Mercedes V-Klasse im Test: Die verfeinerte Nutz-Kiste

April 3, 2014

Die Mercedes V-Klasse beerbt Ende Mai 2014 den Viano

Die anfangs allein angebotene, mittellange Version misst 5,14 Meter

Die tiefen, breiten Linien am Heck sollen den Transporter optisch in die Breite ziehen

Hörnum/Sylt, 3. April 2014
Wie kriegen wir nur den Sex in die Kiste? Das war die Frage, die sich Designer Kai Sieber bei der Gestaltung der neuen Mercedes V-Klasse stellte. Das Auto sollte nicht so kastenartig aussehen wie der Vorgänger Viano oder der Hauptkonkurrent VW T5 Multivan, sondern mehr in Richtung Limousine gehen. Daher die offizielle Mercedes-Einstufung als “Großraum-Limousine” und die Benennung V-Klasse, die das Auto ans Pkw-Modellprogramm angliedert. Auch die Optik passt dazu, denn das Vorderteil der V-Klasse sieht aus, als würde hinten ein ganz normaler Mercedes folgen.

Nullfugen und sinnliche Klarheit
Ob man die Limousinenschnauze nun mag oder nicht, für uns bleibt die V-Klasse ein Transporter, denn für den Transport ist dieses Auto gemacht. Wenn Sieber von der sinnlichen Klarheit der Formen spricht, und die Überwölbung der Seitenflächen oder die “Nullfuge” an der Mittelkonsole lobt, dann übertreibt er – wie jemand, der beim Trinken von Rotkäppchensekt den kleinen Finger abspreizt. Supermarkt-Sekt ist kein Jahrgangs-Champagner, und ein Transporter kein Coupé. Auch ein paar andere V-Klasse-Details sind ein wenig over the top. Serienmäßige Schaltwippen bei der Automatikversion zum Beispiel, oder die einstellbaren Stoßdämpfer.

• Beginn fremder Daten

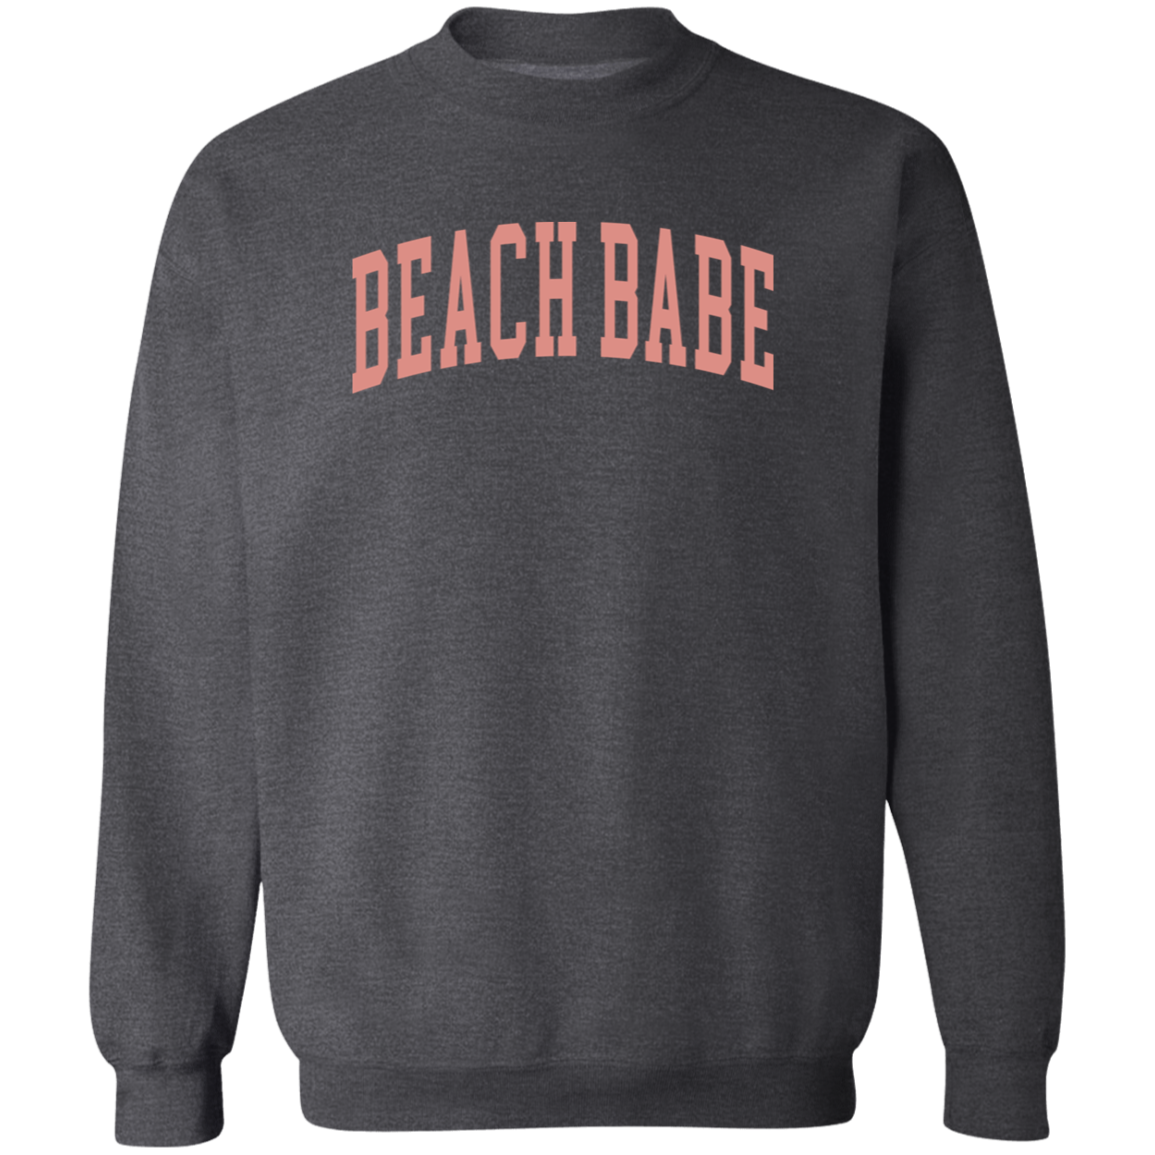 Beach Babe Varsity Sweatshirt

Schick, aber noch nicht Oberklasse
Aber gegen das schicke Cockpit habe ich nichts. Hier gibt es das gleiche tabletartige Display, die gleichen Dekorleisten und das gleiche Touchpad wie in der C-Klasse. Im Detail finden sich aber auch Schwächen. Dazu gehört das minderwertig wirkende Plastik rund um die Touchpad-Einheit und um die Schalter der Fensterheber. Im Fond gibt es weder eine Sitzheizung noch eine Regelung für den Luftausströmer im Fußbereich. Den Aufstieg in den Oberklasse-Olymp hat die V-Klasse noch nicht geschafft, aber für einen Transporter ist das Gebotene beachtlich.

Angenehmer Reisekomfort
Auch der Fahrkomfort hat noch nicht das Niveau der S-Klasse erreicht, auch nicht das der C-Klasse mit Luftfederung. Doch die Einzelradaufhängung ist für die Klasse komfortabel abgestimmt. Die V-Klasse liegt etwa zwei Zentimeter tiefer als der Viano. Doch dass sich eine Schlangenlinien-Fahrt mit dem 1,88 Meter hohen Gefährt verbietet, versteht sich von selbst – wie gesagt, ein Transporter ist kein Coupé. Wichtiger für ein Auto wie die V-Klasse ist der Geräuschkomfort. Bei einem Reisetempo von 160 km/h ist der okay, man kann sich noch normal unterhalten.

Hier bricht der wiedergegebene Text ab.